Small molecule oligomers assembled by stk. a) The building blocks (aldehydes and amines), which will be joined through an imine condensation reaction. b) Dimer constructed from i) and ii). c) Trimer constructed from i), ii) and iii). d) Tetramer constructed from i), ii), iii) and iv). [Color figure can be viewed at wileyonlinelibrary.com]

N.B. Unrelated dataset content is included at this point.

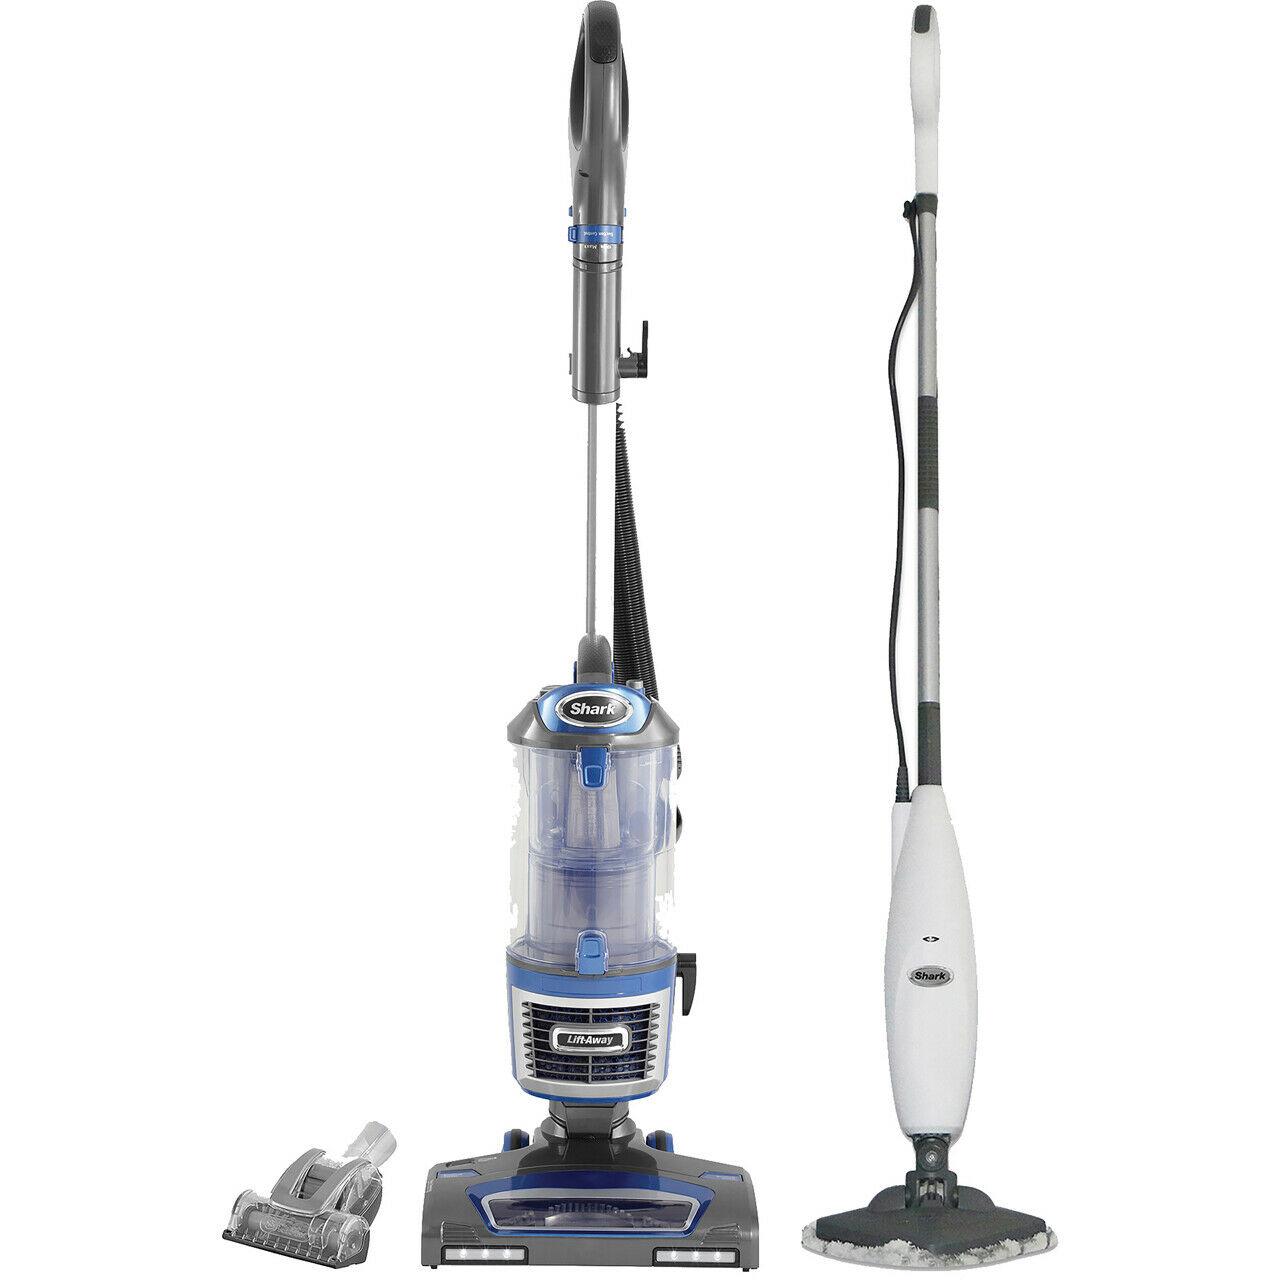 Shark NV601S3255UK Upright Vacuum Cleaner Bundle Hepa Filter Bagless 5 Year £199 AO on eBay

Covalent organic frameworks (COFs)
Context
COFs are crystalline organic structures composed of carbon and other light elements such as boron, nitrogen, oxygen and silicon.59 These materials were first successfully synthesized by Côté et al. in a paper describing the production of a boron‐containing COFs.60 Since then, other varieties of COF have been developed, such as triazine61 and imine‐based COFs.62 COFs are typically low density with large surface areas, and can have good thermal and chemical stability. These features make them attractive for a range of applications, including gas storage and separation, drug delivery, catalysis, sensing and photoelectronic devices.59
COFs can be categorized into two broad types of topologies. The first, and most common, type are 2D COFs, which consist of stacked two‐dimensional, non‐covalently bonded sheets. These COFs have been synthesized in four distinct topologies: hexagonal, honeycomb, square and kagome, all of which have been implemented within stk. Second, there are 3D COFs, which feature a three‐dimensional network of covalent bonds, often via an sp3 carbon or silicon atom.62 COFs have been synthesized through a variety of reactions, however, the most common approach is to use reversible DCC reactions. Whilst these materials show much promise, to assist in the design of these materials, it is valuable to have open source software that can assemble both individual systems, for inspection by synthetic researchers, prior to attempted synthesis, as well as the ability to high‐throughput screen the systems for applications computationally. As a result, we hope that stk will be a useful tool for researchers interested in these materials.
Construction
The current implementation supports the construction of the four synthesized 2D‐COF topologies, but is easily extendable to other 3D topologies. The currently supported topologies are honeycomb, hexagonal, square and Kagome, with underlying net types of hcb, hxl, sql and kgm, respectively. Each of these topologies consists of two building blocks, one ditopic and one with three or more functional groups, referred to as multi‐topic in the following discussion. The multi‐topic building block in the hexagonal topology has three functional groups, the square and kagome building blocks have four functional groups and the hexagonal multi‐topic building block has six functional groups. The construction process for each of these topologies is identical, with only the number and connectivity of the vertices and edges changing. Examples of assembled COFs can be seen in Figure 12. A multi‐topic building block is placed on each vertex in the topology, while a di‐topic building block is placed on each edge. Each multi‐topic building block lies with its bonder atoms flat on the xy plane and can be rotated along the z‐axis to generate different structural isomers in cases where the building block is not symmetrical. Similarly, each di‐topic building block can be aligned parallel or anti‐parallel with the edge it is placed on. To join the building blocks, bonds are created between bonder atoms on the di‐topic building blocks with the bonder atoms on the multi‐topic building blocks. The created bonds may be direct or periodic, depending on which building blocks are being joined.
Figure 12.

COF topologies assembled by stk. a) The code required to generate a periodic unit cell of the COFs shown in b)–e). The topologies are: b) honeycomb (hcb) c) hexagonal (hxl) d) square (sql) and e) Kagome (kgm); in each case the molecular building blocks are shown on the left and the periodic structure on the right. [Color figure can be viewed at wileyonlinelibrary.com]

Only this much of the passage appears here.